Norman: The Moderate Rise and Tragic Fall of a New York Fixer (Joseph Cedar, US/Israel) — Gala Presentations

norman_01By Jay Kuehner

Anyone who’s ever felt like a fraud will find much to relate to in Joseph Cedar’s tale of personal bankruptcy, the spectrum of identification spanning the exhilaration of getting away with it to the humiliation of being exposed. The architecture of influence and exploitation is the stuff of which movies are made, and that this is often how they get made isn’t entirely lost on Cedar, whose transition to an American production no doubt bears some parallels to the social politics portrayed in Norman’s hierarchical chain (hastily diagrammed on a napkin by Richard Gere’s Norman Oppenheimer at the film’s outset). Norman deftly negotiates this sphere of influence as both a diverting parable and caustic tale, situated within the milieu of New York Jewry—conspicuous to anyone involved (anyone who knows someone who knows someone), while utterly foreign to those unversed in the vernacular of acerbic kvetching.

As evinced in his previous Israeli feature Footnote (2011), Cedar is an adept chronicler of interpersonal relations and the social structures that inhibit or enable them.
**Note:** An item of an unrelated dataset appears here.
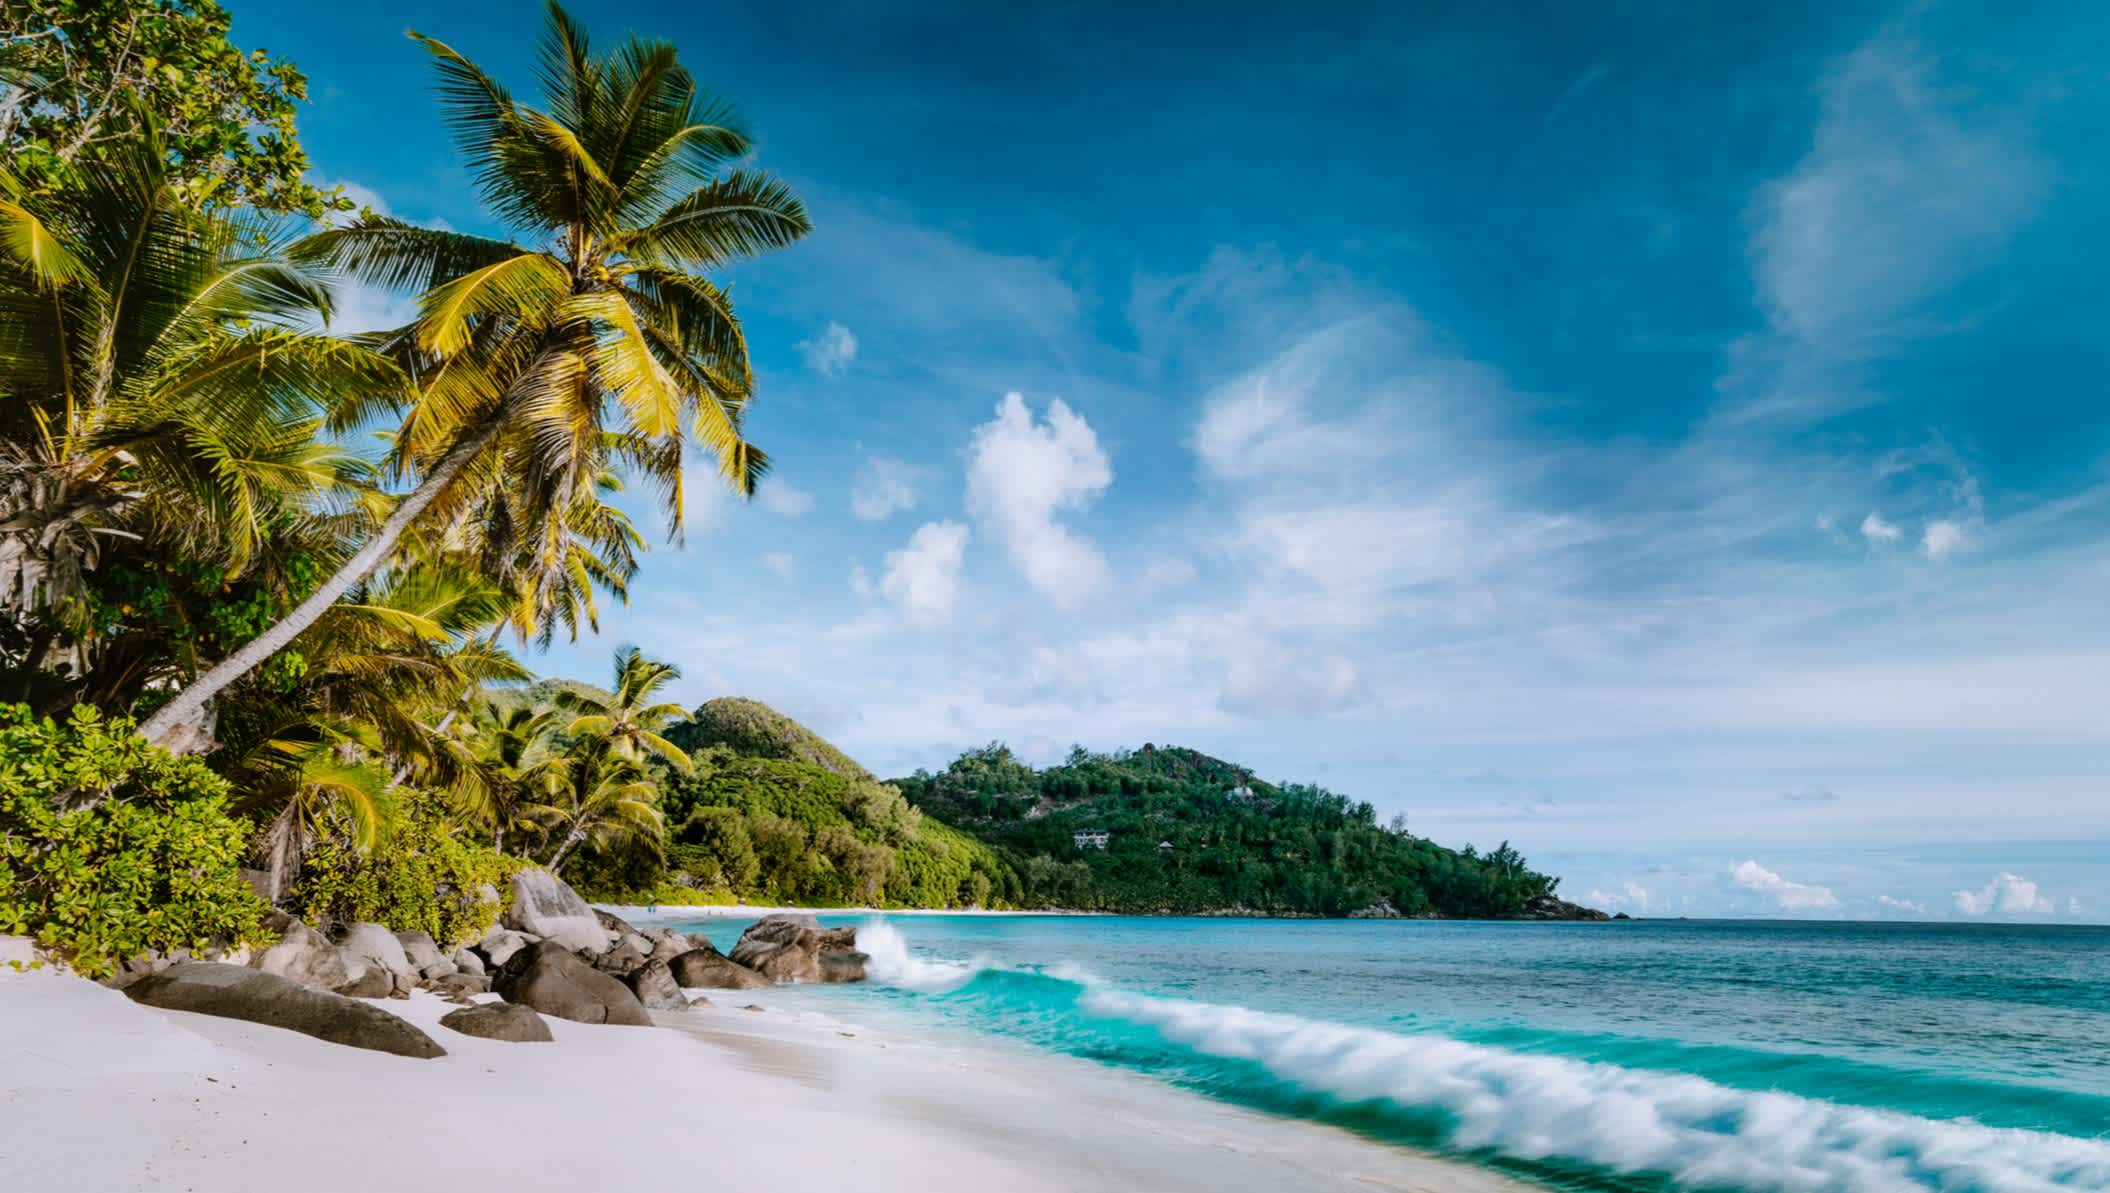 Plage d'Anse Intendance avec cocotiers, sur l'île de Mahé aux Seychelles.

Here he yokes together two men grasping at upward mobility but from radically disparate rungs of the ladder, one “trying to keep his head above water” while the other can’t bear to “shake another hand.” The film choreographs their fated first meeting from behind a shop glass window, and the near-silent exchange speaks volumes about the clinging pursuit Norman will undertake to insinuate himself into the life of an important Israeli deputy (the forearm clasp being among the fixer’s trusted “strategies” of forced attachments), an act of leveraging that could see the interloper’s stock rise in a virtually invisible, but highly influential, market. The incorrigibly insistent Norman (pathetically inhabited by Gere, playing against type) bets, for once, on the right horse, his wagon fortuitously hitched to the future prime minister. “Who says simple is good?” declares Norman, ascending the ranks of high-finance dealmaking and, implausibly, Israeli politics, all while firmly ensconced in a camelhair overcoat during successive New York winters, permanently attached to his cell-phone headset while seeking refuge in a perpetuum of vestibules. Cedar scores Norman’s brush with an out-of-league experience as a comedy of errors, though there is something wistful in watching Norman try to succeed and something perverse in wanting him to. The idea of a self-realized insider with a dubious wealth of connections is no longer much of a farce in the social-mediated age, so Norman’s unmasking comes as a kind of welcome caveat. “He’s a nobody,” declares Norman of the unidentified shady businessman who threatens to dismantle the Israeli’s campaign, and the irony of self-implication is there for all but himself to see. A decade ago Cedar may have left such a parasite out in the cold, but this being New York, and this being the movies, someone probably called in a favour. Still, the takeaway—that emotional avarice is indeed an expense, that when it comes to indebting ourselves, we are all anonymous donors—is an affiliation we can’t afford to ignore.